Imagine if brands had the opportunity to engage with consumers in ways that were not only relevant and personal but also in an environment where their added value is proactively sought out by the individual themselves.

Let’s chat…

It used to be that the digital interactions shown on Mission Impossible or Star Trek were just mock-ups for TV or the big screen.

However, what was once science fiction is quickly becoming fact.  We are in the age of a significant shift in computing conversation.

A shift that is fuelled by the advent of artificial intelligence (AI), the desire for a more intuitive interaction with technology; conversing naturally as people.

Intuitive interactions

One of the major trends that has set the stage for an era of people talking to their devices is the growth in people talking through their devices.

eMarketer estimates that 1.82 billion people across the globe will use mobile messaging apps in 2017, which equates to nearly one-quarter (24.6%) of the world’s population.

Just look at real-time conversations, such as those that happen in Skype chat, it’s where you discover people that matter to you, and get things done on the spot. Or Snapchat with 166 million daily active users sending, sharing and enjoying content.

Bringing together intuitive interactions and human-like conversations, all supported by AI, is the way to create more appealing technology-based experiences, and something brands need to look at leveraging much more to establish deeper dialogues with consumers.

Consider Xiaoice, a chat bot developed by Microsoft for the Chinese market, as an example of how marketers can be part of the conversation.  It’s an artificial persona who has engaged with over 40 million users, inserting herself intelligently into conversations, backed by a powerful search engine.

But Xiaoice doesn’t just provide timely, contextual information – she provides empathy, a personality and a sense of humour.  In other words, she seems human and real.  You can introduce her to your dog through a photo, she will recognise the breed and ask for updates.  

Or, if you tell her about a recent breakup, she will check in on how you are doing.  She’s become a household name in China and those who have befriended her feel an emotional connection that is decidedly real, with one in four users declaring their love.

Cognitive services

Many such bots are also built on cognitive services which enable Microsoft Cognitive Services which give developers the tools to create a new branded presence that sees, listens, articulates, understands and interprets a user’s needs.

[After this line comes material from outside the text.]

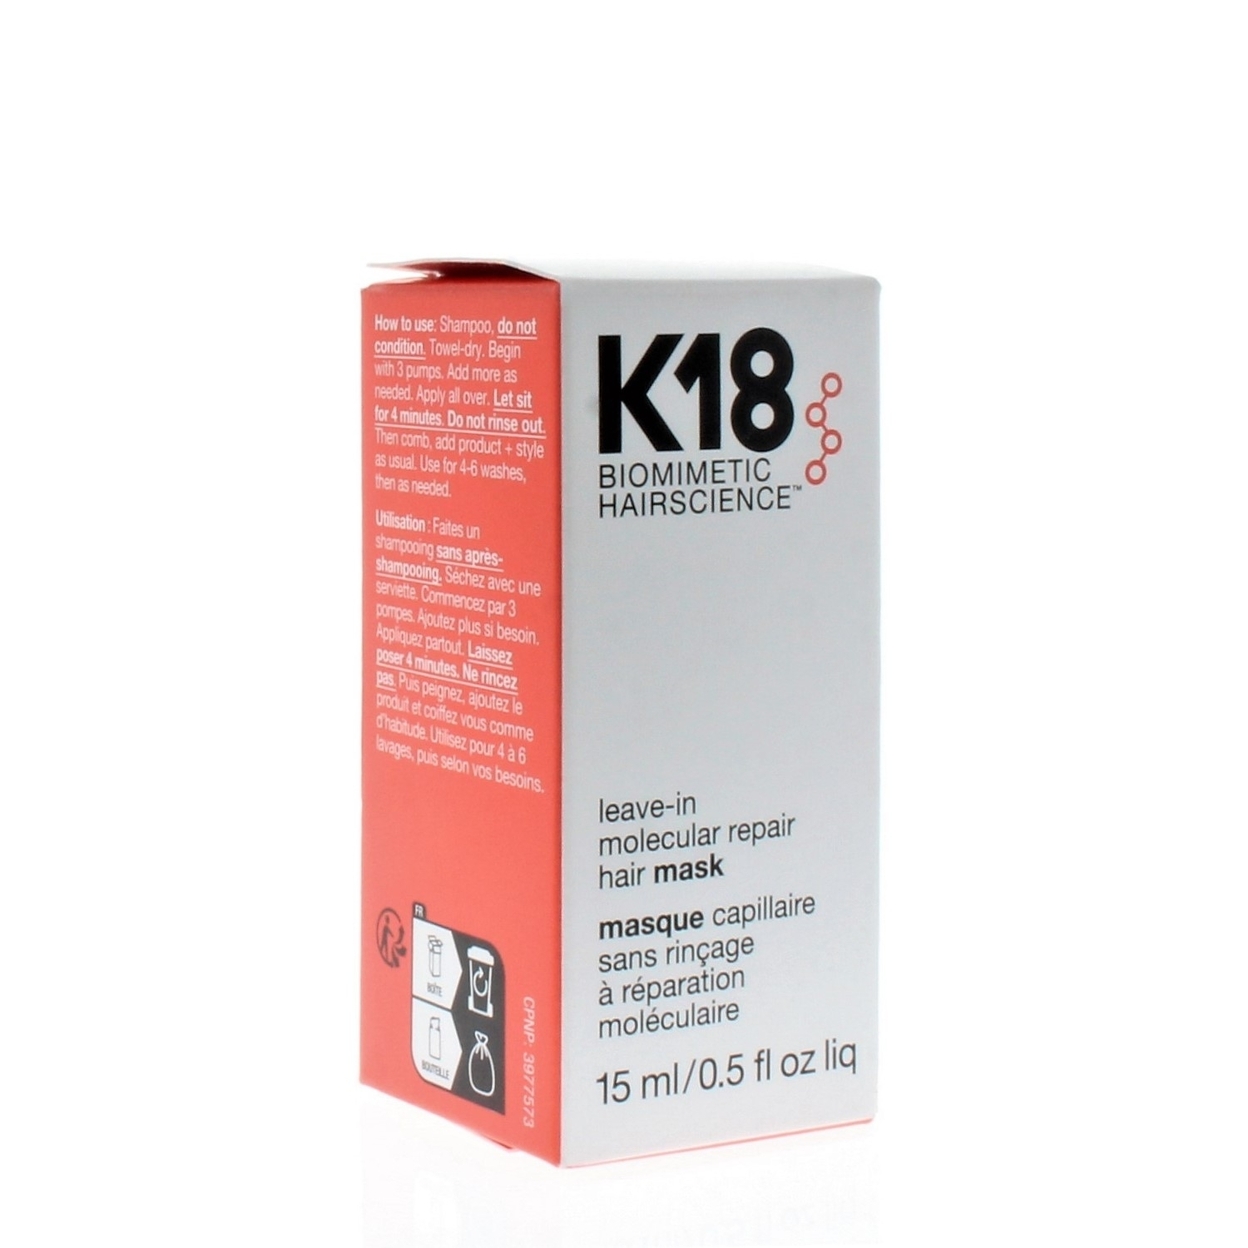 K18 Biomimetic Hairscience Leave-In Molecular Repair Hair Mask 0.5oz/15ml

The intent signals gleaned from cognitive abilities are allowing marketers to be more personal and impactful. When your branded bot is part of a conversation, your brand is effectively engaging one-to-one in real-time with a consumer and can provide deeper more meaningful relationships with customers in new and unexpected ways.

Take Skyscanner’s group chat travel bot.  Integrated with Skype, it allows you to add the Skyscanner bot into the Skype chat and interact with the bot as if it were another group member. You can search for flights, live prices, routes and then finally book via a link giving travellers the ability to share the experience of finding the best flights together.

It’s long been said that personal recommendations are the most effective form of advertising – a brand recommending itself is not going to win favours, but if it’s promoted by one of your peers, in the right situation at the right time, you have a winning formula.

It’s an approach that will build far stronger bonds than anything established through conventional push-advertising. Marketers can, by adding value to a personal exchange, insert themselves into a conversation or a group, with the acceptance that one expects of peers.

That, I believe, is a level of affinity never achieved before in the marketing sphere, and the ingredients are already in place to make it happen.